Note to Michele Bachmann. Here is a suggestion from someone you will never invite to lunch.
There's another debate tomorrow, and it's time to face the facts.
The only room to the right of Rick Perry is the well-greased slope of the lunatic fringe.
He ambled in, and stole the hearts of the Tea Partiers that you thought were yours alone. This is a man whose response to the Texas drought is to use his authority to ask constituents to pray for rain. This is a man who takes the Bible literally... never wrong, about anything, including the animals tromping in pairs up the gangplank to the ark. He's a man on record as saying anybody who doesn't worship the way he does is going to burn for eternity.
Whether he truly believes all that is irrelevant. Those who want him to believe it are with him -- which means they're not with you.
Deal with it. As in any love affair, when your significant other finds someone new, you have to move on.
If you thought you could win them back with the HPV argument, you were wrong. You got attention. But people on the corner shouting about judgment day get attention, too. They also sound a little crazy.
Besides, even the hardiest Tea Partiers must have at least a suspicion that you manufactured an issue that could cause just enough uninformed parental concern to kill women.
So with your Tea Partiers now going off with their new love for long weekends, consider this:
Drop the wackier and righter than thou act.
I saw you on Jay Leno. You were poised, articulate, funny, human and totally un-intimidated. He tried to make you a joke, but you blew him off his comfy chair. You were everything with Leno that Sarah Palin was not with Katie Couric. Nobody can make you a cartoon unless you help them.
What if you used your presence, your tax-lawyer brains, your ability to connect and everything else you have going for you to speak for women -- who so far have been invisible and irrelevant to the campaign message planners? There are real issues out there. You could own them.
Of course, that means you are going to back off a few positions. If I may:
Drop the talk about wives being "submissive" to their husbands -- and the part about you becoming a lawyer because your husband told you too. Does America want that image of good little wife trailing you into global negotiations? Is it possible that the image is already carrying over to the debate stage -- forcing you to contort your positions to say: "Hey -- I'm over here?"
Stop the talk about de-funding Planned Parenthood. Too many women use it, and too many women need it.
Give at least a nod to the women who came before you, who paved your way to a platform you're using to, on a good day, ignore women; on a bad day, to hammer them into your personal notion of what women should do and be?
You have some amazing female credentials just by who you are: mother of five, foster mother to 23, accomplished businesswoman. You did all that, and managed to top it off with a congressional seat.
Many women consider you a role model. If you loosen the tent flaps a little, I think a lot more will come inside.
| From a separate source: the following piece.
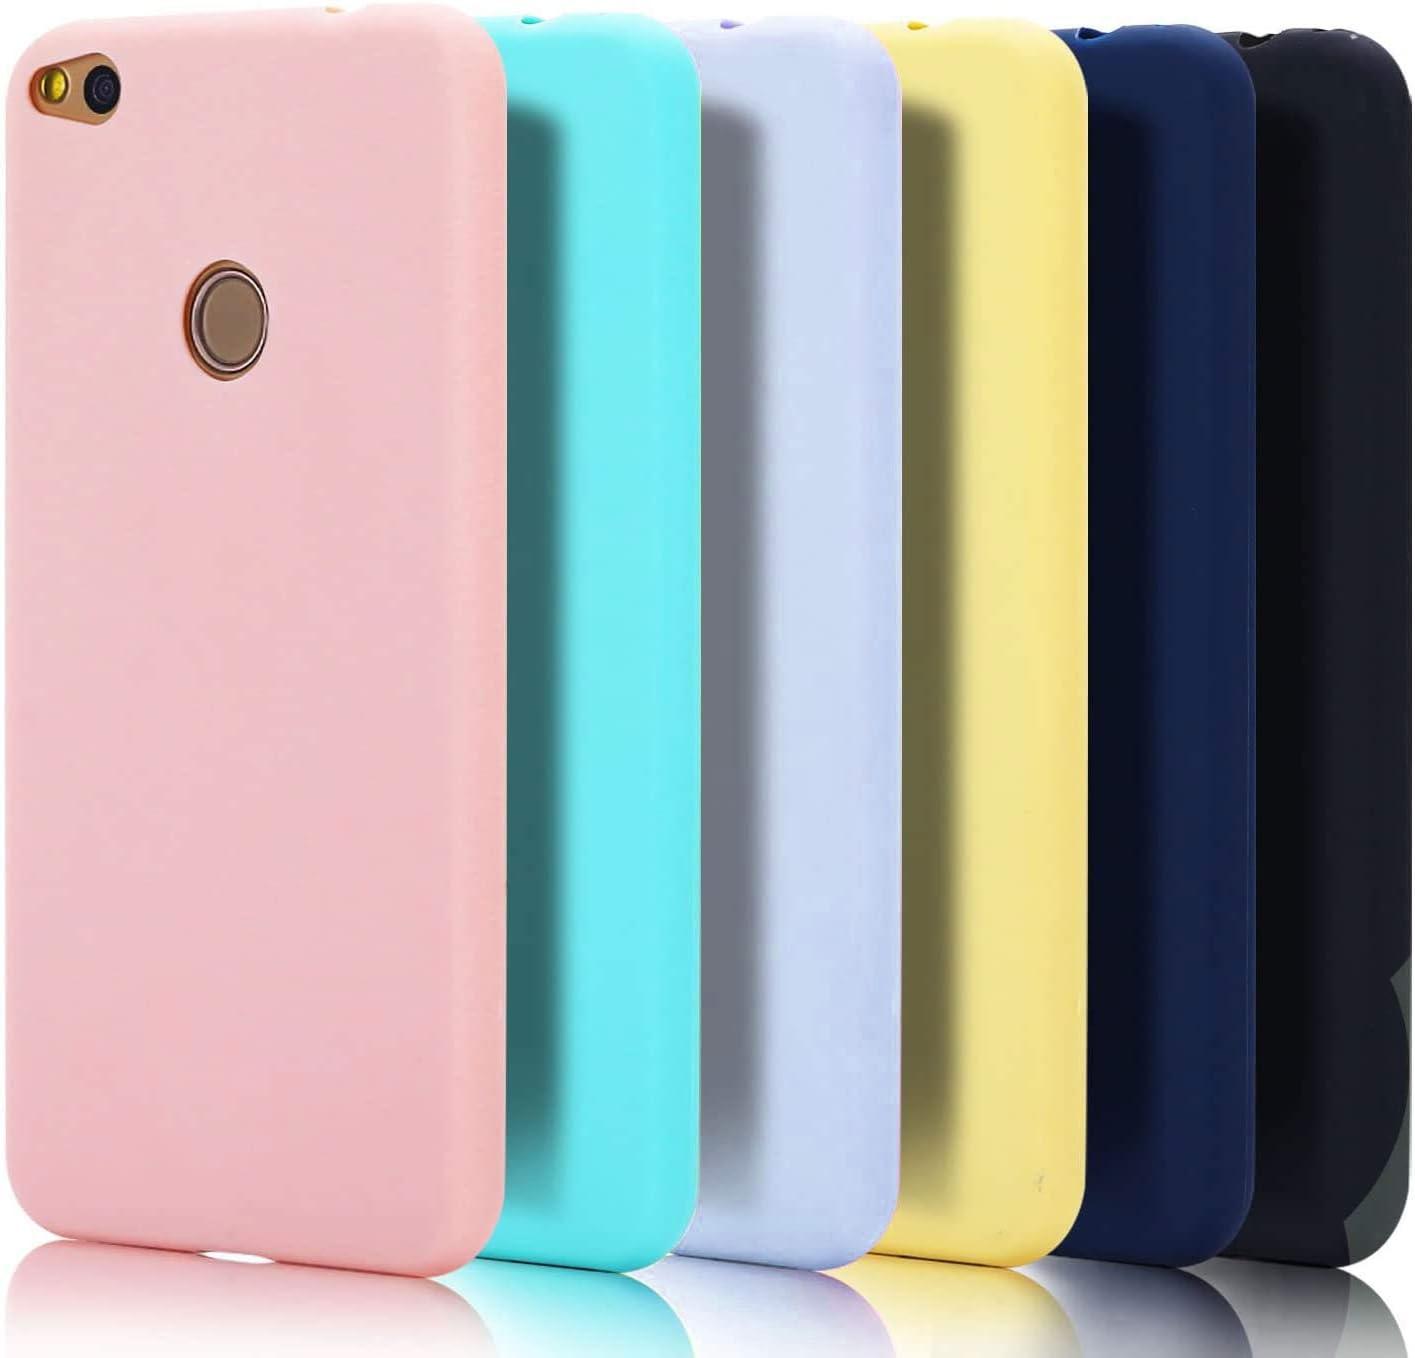 Caselover 6X Funda Huawei P8 Lite 2017, Suave TPU Silicona Carcasa para Huawei P8 Lite 2017 Ultra Delgado Flexible Goma Mate Opaco Protectiva Caso Anti Rasguños Case Cover Bumper- 6 Color

It's not too late -- if not this time, maybe next. Witness Mitt Romney. He's managed to change positions on everything from the stimulus to health care to gays in the military to reproductive rights to stem cells. And he's still a contender.
If he can veer to the right, maybe you can edge to the left.
It doesn't mean you have to start looking for Hollywood endorsements. Just embrace the fact that you are the only serious female candidate in the race from either party.
Stop running from that in the hopes of wooing those who have found another love.
Instead, speak for those who need you. What have you got to lose?